Но в большие дни, когда доходят новости всемирного или хотя бы всероссийского масштаба, Крумгальз мгновенно и волшебно преображается. Крумгальз выпрямляется, становится выше ростом: «движения быстры, он прекрасен, он весь как божия гроза!» В такие дни у Крумгальза одна забота: поспеть всюду, быть первым вестником сенсации!

Страшно возбужденный, Крумгальз влетает в столовую, даже не сняв пальто.

— Еще не знаете?! — кричит он уже с порога. — Не слыхали, нет? Сто восемьдесят три киевских студента арестованы и приговорены к сдаче в солдаты! Официальная мотивировка:

«За участие в беспорядках, учиненных скопом»!.. Матвея Фенгеля знаете? Его — тоже в солдаты!

И Крумгальз убегает дальше.

Глава восемнадцатая. ВСЕ О ТОМ ЖЕ

Мы сидим у нас в столовой. Сидим каждый так, как нас застала весть, сообщенная репортером Крумгальзом. И каждый из нас думает свою думу.

Разговаривать все равно нет никакой возможности. Потому что одновременно с Крумгальзом пришла жена доктора Ковальского, Анна Григорьевна, которая обладает способностью трещать, как погремушка, не давая никому вставить слово и рассказывая о том, что, к сожалению, интересно только ей одной и никому больше.

Интерес мадам Ковальской — это ее фруктовый сад. Его надо вовремя удобрять, расчищать, стволы надо вовремя обмазывать известкой, яблони надо вовремя подрезать — и сильно подрезать, не жалеть ветвей, — чем больше вырежешь побегов, тем больше будет яблок… И тэпэ и тэдэ.

Анна Григорьевна трещит, даже не понимая, что она всех раздражает, что никому не интересно, успела ли она осенью вовремя подрезать яблони, и всем бы хотелось только, чтобы она сама, Анна Григорьевна, наконец, замолчала и удалилась восвояси.

Наконец кто-то не выдерживает и обращается к папе с вопросом:

— Яков Ефимович, что вы думаете о том, что сказал Крумгальз? Об этой студенческой солдатчине? Это же ужас!..

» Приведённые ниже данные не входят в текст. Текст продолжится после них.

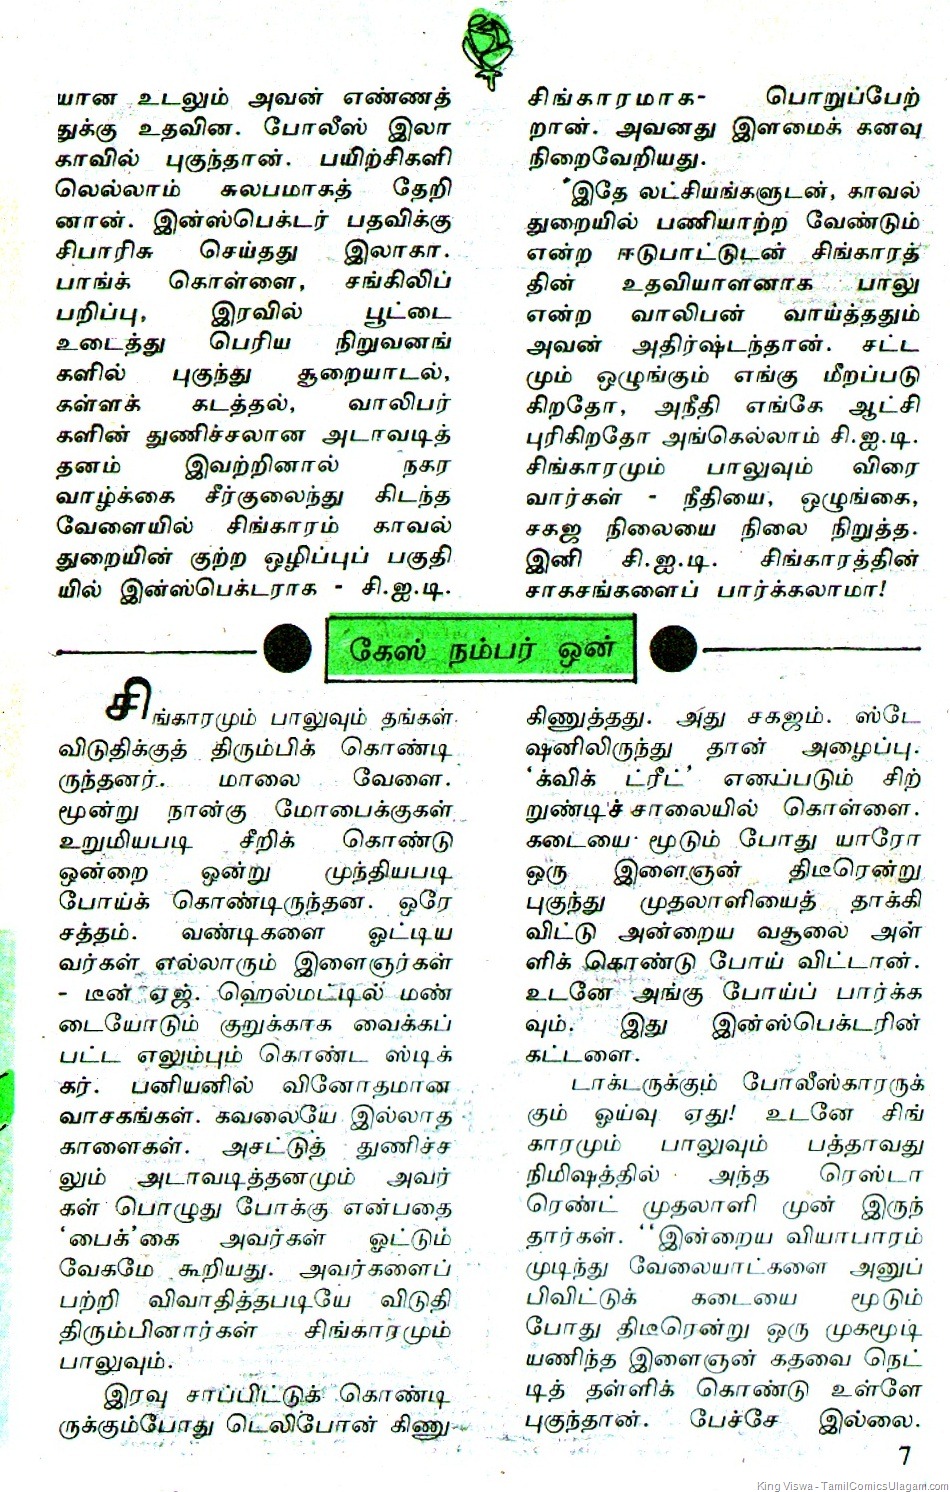 [Poonthalir Issue No 104 Vol 5 Issue 8 Issue Dated 16th Jan 1989 CID Singaram Case 01 Page 002[3].jpg]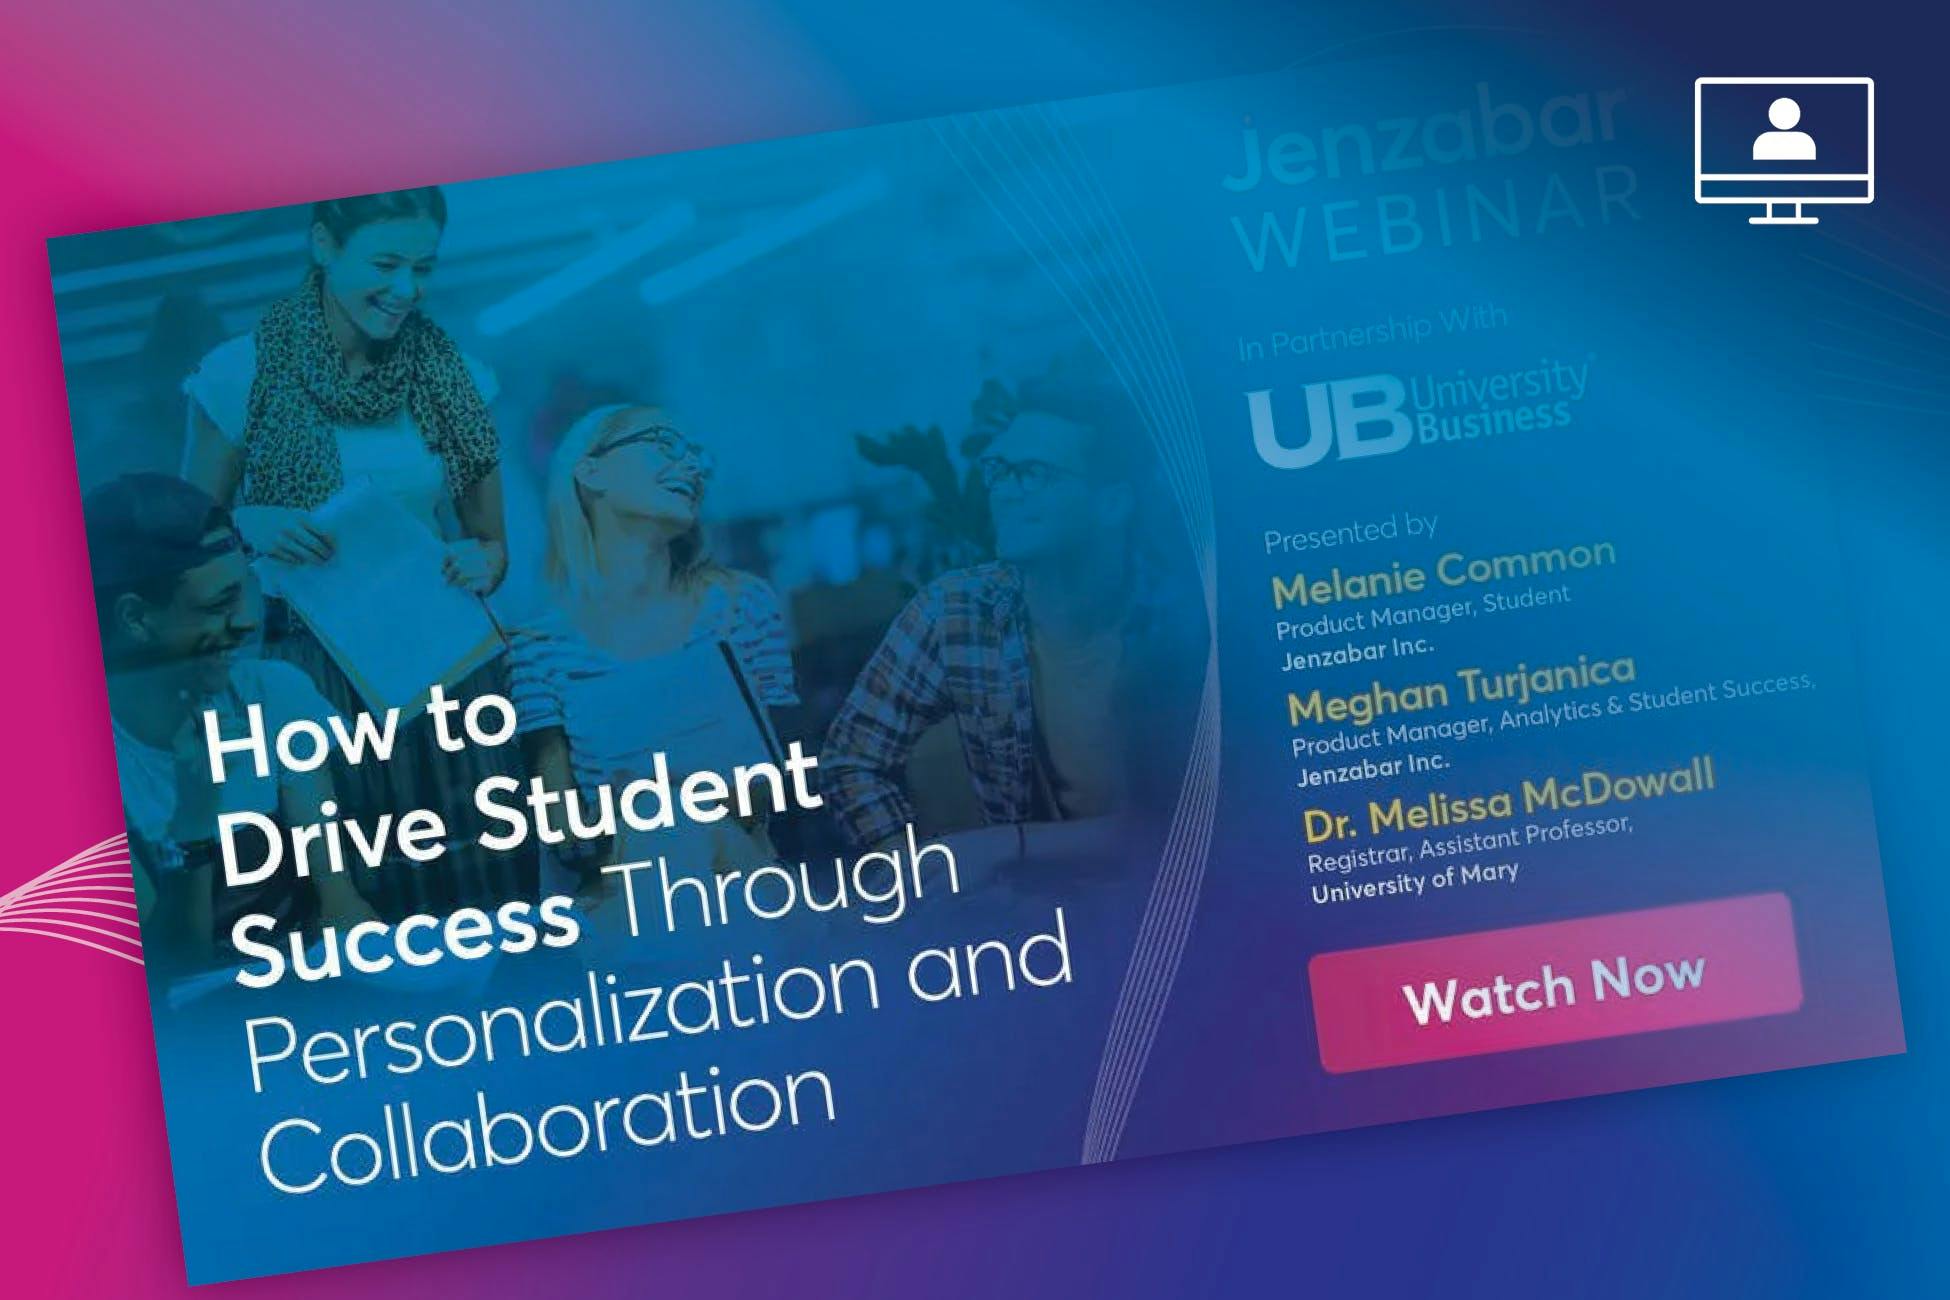 Webinar: How to Drive Student Success Through Personalization and Collaboration

— Еще бы не ужас!.. — говорит папа, словно выходя из тяжелой задумчивости. — Солдатчина, царская солдатчина — это каторга, хуже каторги! О солдатской доле народ сложил больше горестных песен, чем о несчастной любви… Царский солдат — бесправное существо. За любую провинность его можно прогнать по «зеленой улице», то есть попросту пороть розгами.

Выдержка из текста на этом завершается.